=== Source material ===
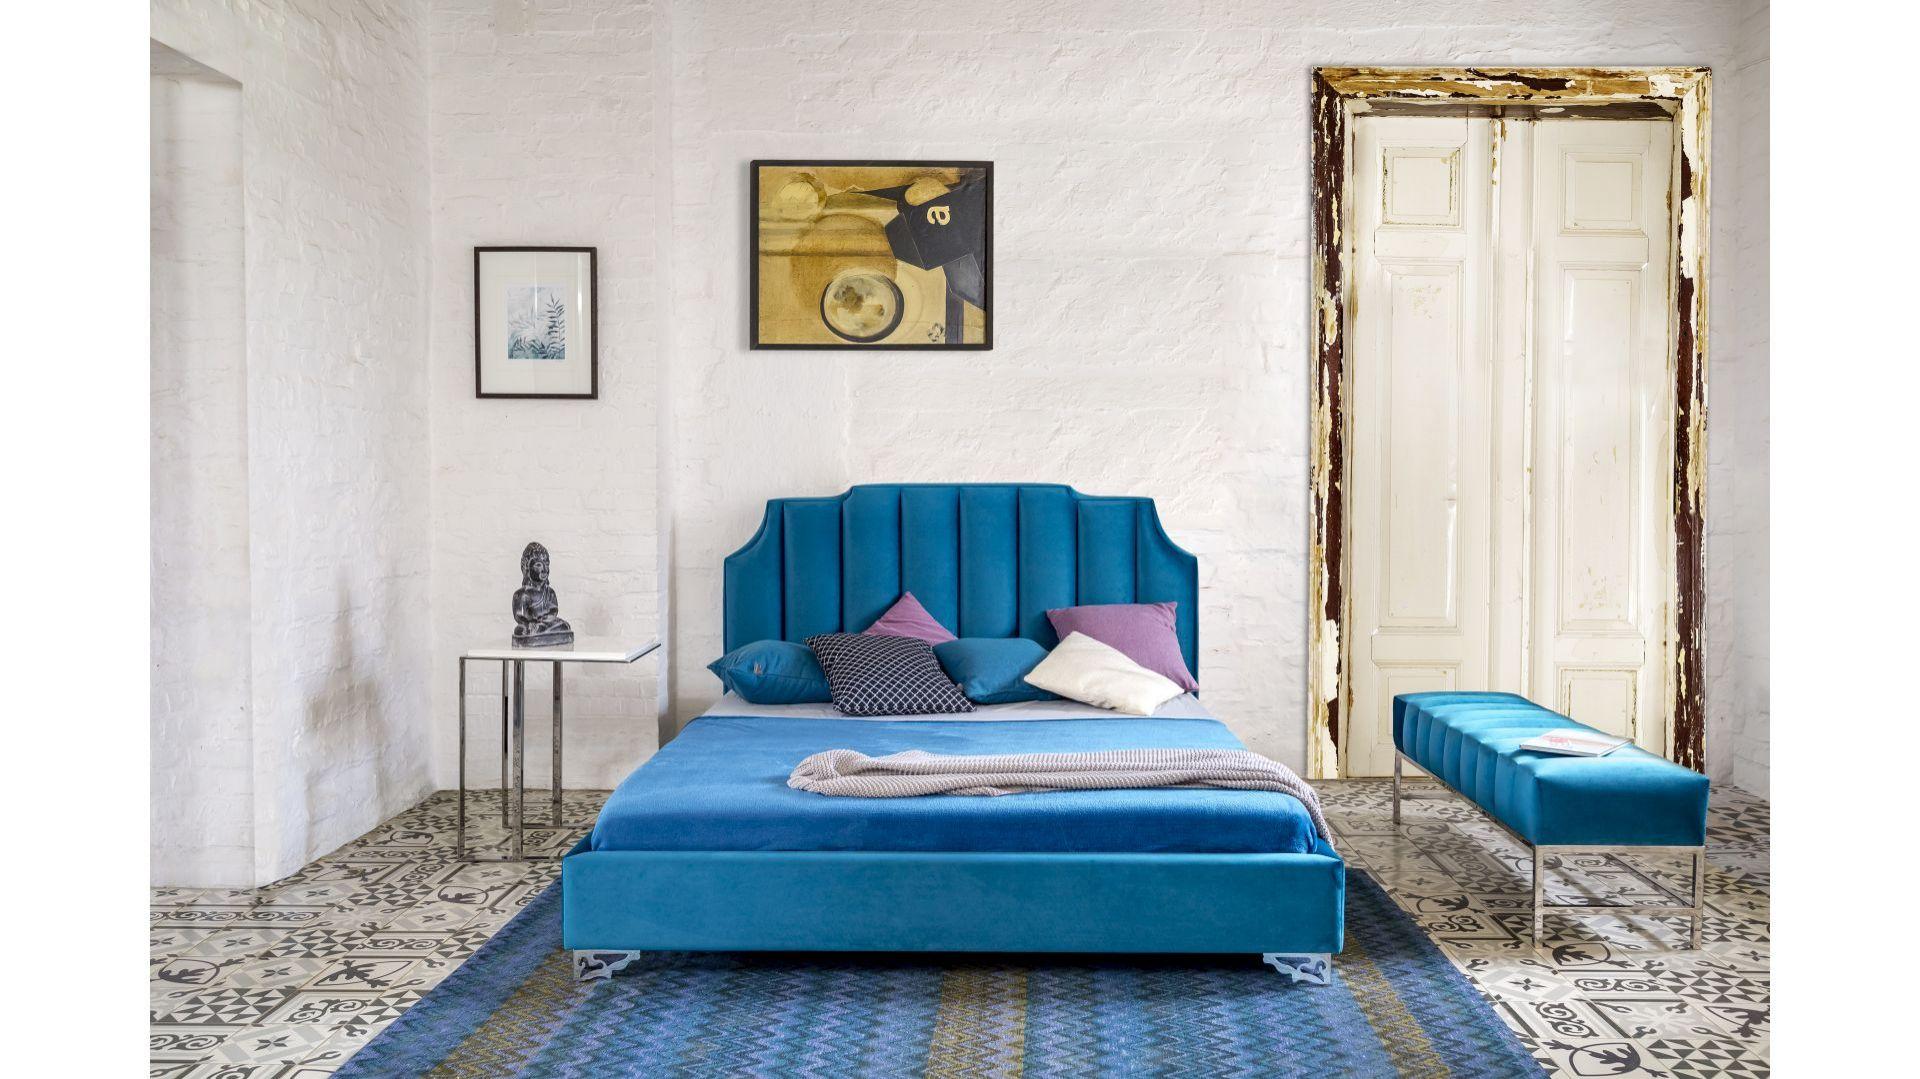 Łóżko Crown/Dormi Design. Produkt zgłoszony do konkursu Dobry Design 2020.
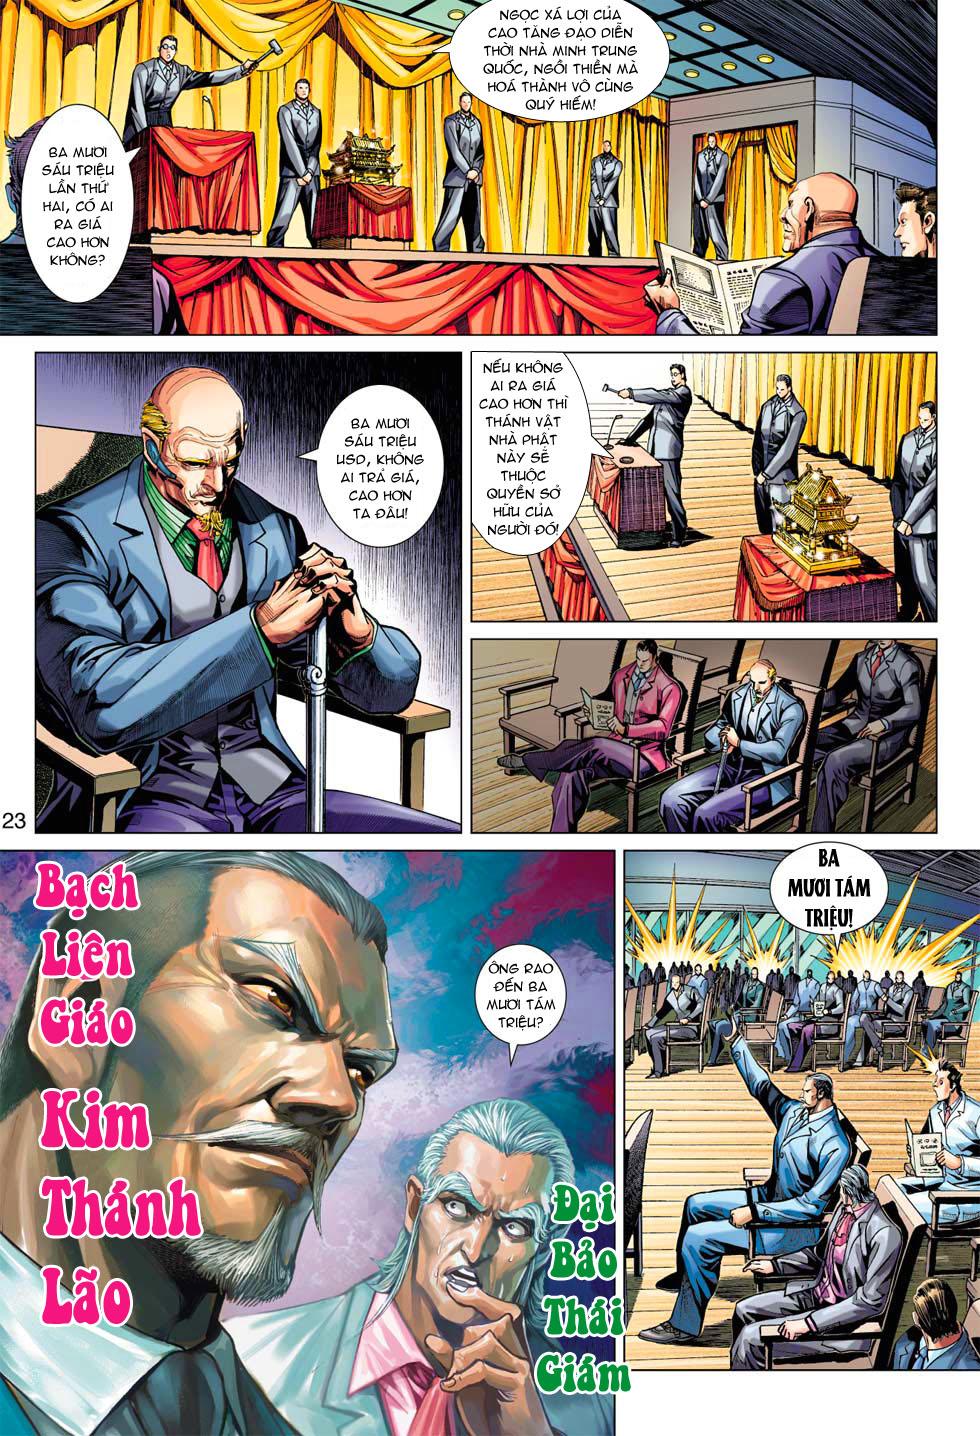 Tân Tác Long Hổ Môn chap 369 - Trang 23
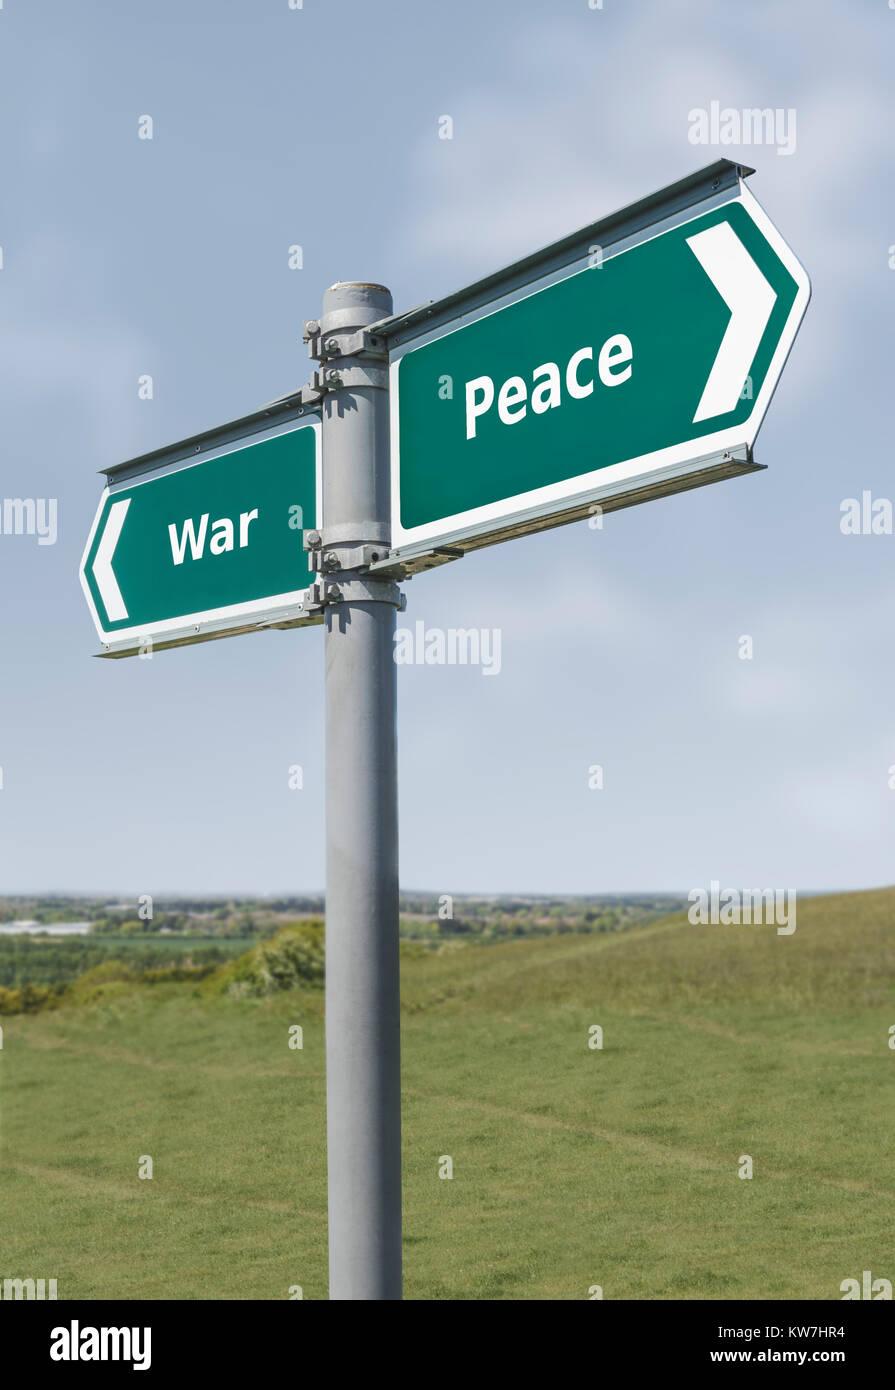 Krieg oder Frieden Richtung unterzeichnen. Krieg Frieden Konzept Wegweiser. Stockbild

=== The problem ===
With the pictures left out, output exactly the lines that begin at the line containing "Tân Tác Long Hổ Môn chap 369 - Trang 23" and end at the last line of the material.

=== Expected answer ===
 Tân Tác Long Hổ Môn chap 369 - Trang 23
 Krieg oder Frieden Richtung unterzeichnen. Krieg Frieden Konzept Wegweiser. Stockbild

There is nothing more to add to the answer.